Chancellor Rachel Reeves has unveiled her spending review, promising £39 billion for social and affordable housing, an extension to free school meals and the £3 bus fare cap, and a 3 per cent spending increase for the NHS a year, after inflation.

This is the first multi-year spending review since 2021 and will set the day-to-day budgets of government departments over the next three years.

The Home Office day-to-day budget will go down by 1.7% in real terms over the next three years, while the "spending power" of police forces will go up by an average 2.3% per year in real terms by 2029. Annual funding for the Border Security Command, will increase by up to £280m by 2029.

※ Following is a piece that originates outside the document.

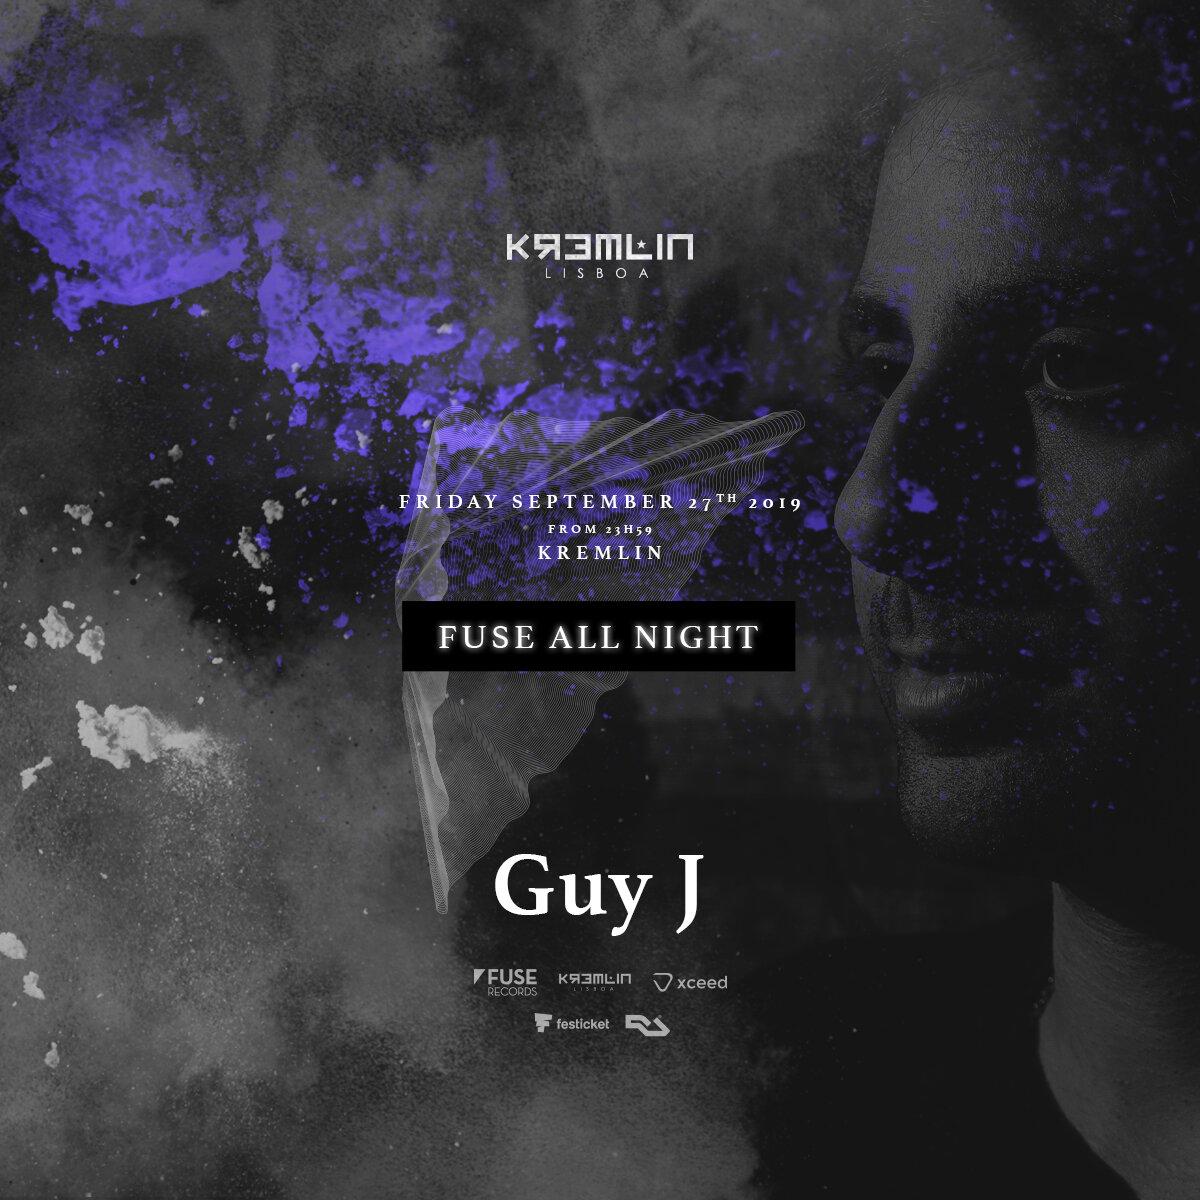 AllNight_27092019_Profile_GuyJ.jpg

The Ministry of Defence day-to-day budget will go up 0.7 per cent in real terms and defence spending will rise from 2.3 per cent to 2.5 per cent of overall economic output by 2027.

Chief Constable Gavin Stephens, chair of the National Police Chiefs Council, said: “We recognise that the Government faces tough financial choices. In the face of these challenges, it’s now more important than ever that police chiefs and government continue to unite behind radical reform for policing, and crucially, give forces the flexibility they need to modernise their workforce.

“Despite the news today, our ambition to tackle violence against women and girls, reduce knife crime and build confidence in local policing remains.

“However, it is clear that this is an incredibly challenging outcome for policing. In real terms, today’s increase in funding will cover little more than annual inflationary pay increases for officers and staff.

“We fully support the Government’s drive to cut crime and grow officer numbers, but for these to succeed, investment in policing must live up to the ambition.”